Press Release
Published on May 9, 2012
Washington, D.C. – A new Human Rights First report details an intensification of attacks on human rights activists in Bahrain. The new report, “Bahrain’s Reforms: No Backdown on Crackdown,” details judicial harassment, restrictions on access for outside observers, unjust military court cases and ongoing police abuse. “Prominent human rights defenders Zainab Al Khawaja and Nabeel Rajab, President of the Bahrain Center for Human Rights, have been detained in recent weeks. Tomorrow sees another court hearing in the notorious case of the 20 medics convicted after treating injured protestors. The Bahrain regime seems to be ramping up its repression,” said Human Rights First’s Brian Dooley. “Bahrain can talk a good game, but the facts are that the crackdown continues. By not publicly denouncing the repression the United States is quickly losing credibility in Bahrain.

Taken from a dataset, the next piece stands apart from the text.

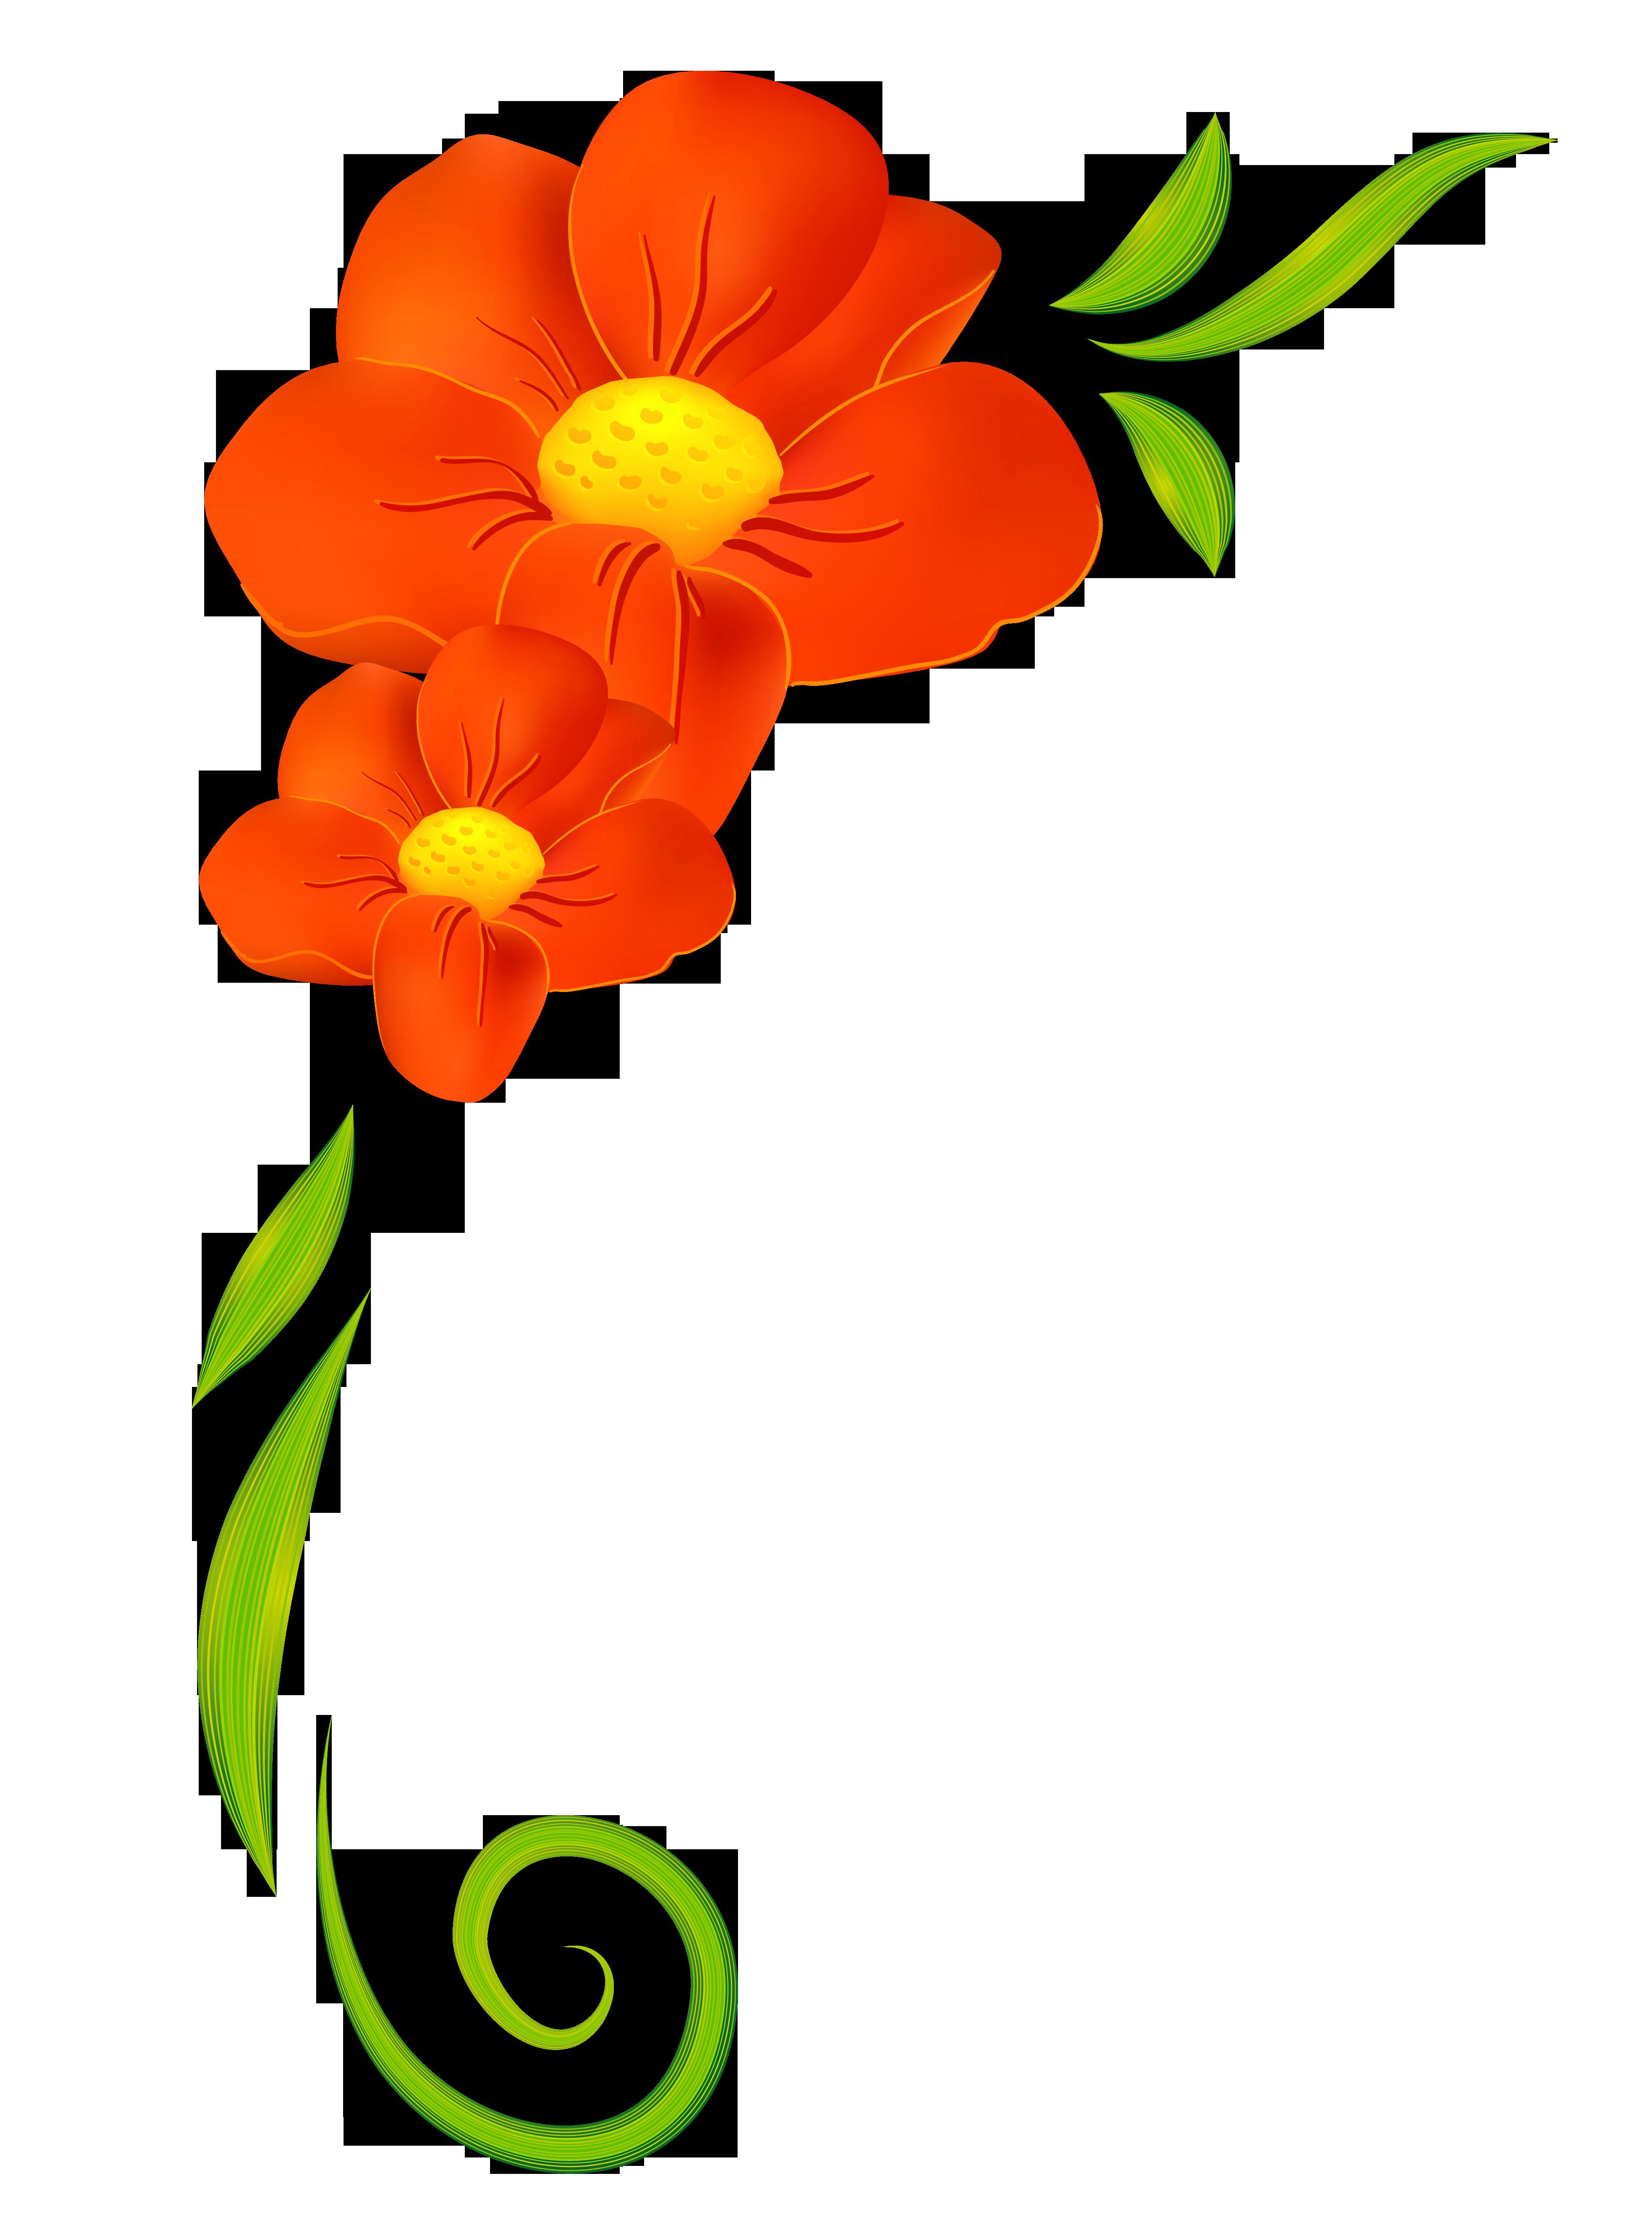 Flower Clipart Hd   Free download best Flower Clipart Hd on ...

It is time they make clear that these abuses must stop.” Among the key abuses detailed in are the following:
There are nightly reports of tear gas being used against peaceful protests and shot directly into people’s houses. The excessive use of tear gas has prompted The Office of the U.N. High Commission for Human Rights to call for the Bahraini government to investigate the use of such excessive force. To date, it is unclear how the police account for the number of canisters they take per shift or how they report the number they use and why.
“Bahrain should protect its human rights defenders, not attack and imprison them.” said Dooley. “The Bahrain regime can produce as much paper as it wants detailing new guidelines and policies and call it reform, but its actions show that its commitment to change is paper thin.”